One possible way around this problem is to have the immune-stimulating proteins present only at the site of the tumor. Hideaki Tamara and his collaborators have investigated this possibility by treating mouse tumors with a viral vector carrying the gene for interleukin-18. This treatment alone resulted in eradication of tumors in one mouse model. Furthermore, antitumor activity was enhanced with a combination of local interluekin-18 and systemic interleukin-12 treatment, without the side effects seen in the systemic combination of both proteins. The researchers have discovered that this effect is largely due to the stimulation of the specific type of immune cells known as Natural Killer (NK) cells.

These studies demonstrate that interleukin-18 gene therapy of tumors, especially when combined with systemic interleukin-12 administration, may be a viable alternative cancer therapy.

Presenter: Mien-Chie Hung

Although viruses are often considered bad news, certain viral proteins appear to have beneficial properties to its host. One such virus, which is also used extensively as a vector for gene therapy, is adenovirus. An adenoviral protein known as E1A has proved to have particular and multiple anti-cancer properties. These observations have led to many clinical trials of the E1A protein to determine its ability to fight tumors such as breast, ovarian, and head and neck cancer. As Mien-Chie Hung reports, these studies have led to a greater understanding of the particular biochemical pathways that are important in the anti-tumor activities of the E1A protein. Not only will this help the continued development of E1A as an effective anticancer agent, but it also opens up other possible targets for future therapeutic developments.
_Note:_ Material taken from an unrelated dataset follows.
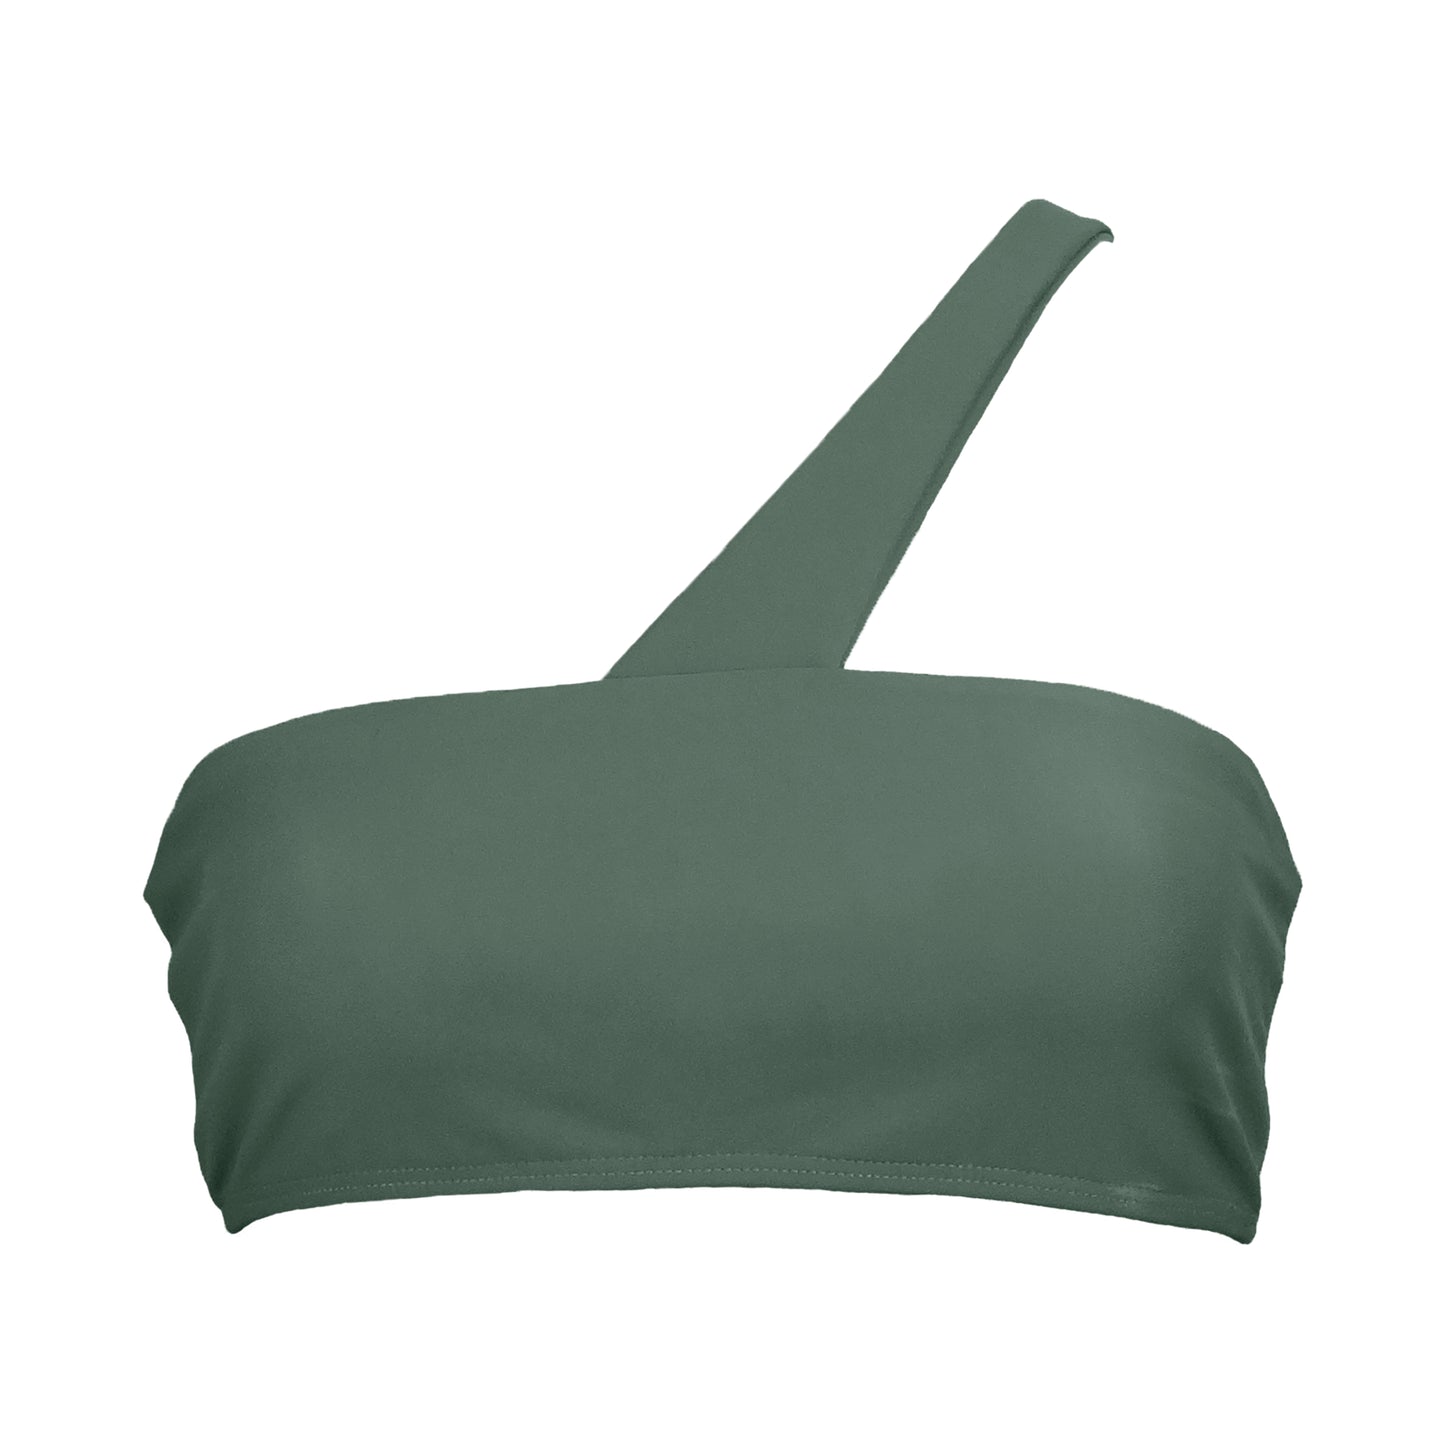 Sage Green Asymmetric bikini top with strapless top fit and double back strap detail.

"Immuno-Gene Therapy of Cancer Using the T-Body Approach
OR: Redirecting Genetically Programmed Effector Lymphocytes to Cancer Using Chimeric Receptors"
Presenter: Zelig Eshhar, Department of Immunology, The Weizmann Institute of Science

A major problem in achieving a complete cure of an advanced cancer is that the therapeutic agent fails to reach each and every diseased cell, which are disseminated throughout the body. Nevertheless, our major defense system, the immune system, is characterized by its ability to monitor, identify and eliminate foreign elements including tumor cells. The gene transfer technology provides us with means to manipulate the immune system, induce and enhance it in a specific manner so that it will selectively recognize and efficiently eliminate cancer.

One of the most effective mechanisms by which the immune system rejects infected cells, cancer and foreign tissue grafts is by specialized killer cells (also known as cytotoxic T cells and natural killer cells). In a cancer patient, these cells fail to react against the individual's own tumor, by and large, because the tumor evolved a variety of mechanisms to escape and avoid these bodyguards. Our team at the Weizmann Institute has developed a new approach to direct the patient lymphocytes to selectively recognize and kill his own tumor cells. In this approach, lymphocytes isolated from the patient's blood are manipulated to carry a special sensing apparatus (receptor) that uses predefined antibody recognition.
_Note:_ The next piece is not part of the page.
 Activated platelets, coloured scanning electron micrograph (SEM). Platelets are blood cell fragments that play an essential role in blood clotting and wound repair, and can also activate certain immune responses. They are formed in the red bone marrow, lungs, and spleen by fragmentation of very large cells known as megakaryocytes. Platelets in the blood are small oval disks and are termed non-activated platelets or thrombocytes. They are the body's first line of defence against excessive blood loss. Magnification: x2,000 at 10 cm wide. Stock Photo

The major player in this approach is a chimeric receptor- a hybrid receptor composed of two functional parts, which are linked together in a single molecule. On one end, on the outside of the cell this receptor contains the part of the antibody molecule that binds antigen; on the other end, on the part of the receptor that is inside the cell, we link a subunit or a portion of the authentic T cell receptor which is capable of activating the T cell by binding to the tumor cell. We have shown previously that in the test tube and in tissue culture conditions, killer lymphocytes into which the chimeric receptor genes were introduced, can indeed redirect their specificity towards the tumor cells and eventually kill them. Various forms of such chimeric receptors designed to fit different types of tumors and cytotoxic lymphocytes have been prepared.

In order to select the best form and optimize it for clinical application a special system has been developed. In this model system, we developed a mouse model to study how patients' lymphocytes, into which the chimeric receptor genes are introduced, will respond against their own tumor.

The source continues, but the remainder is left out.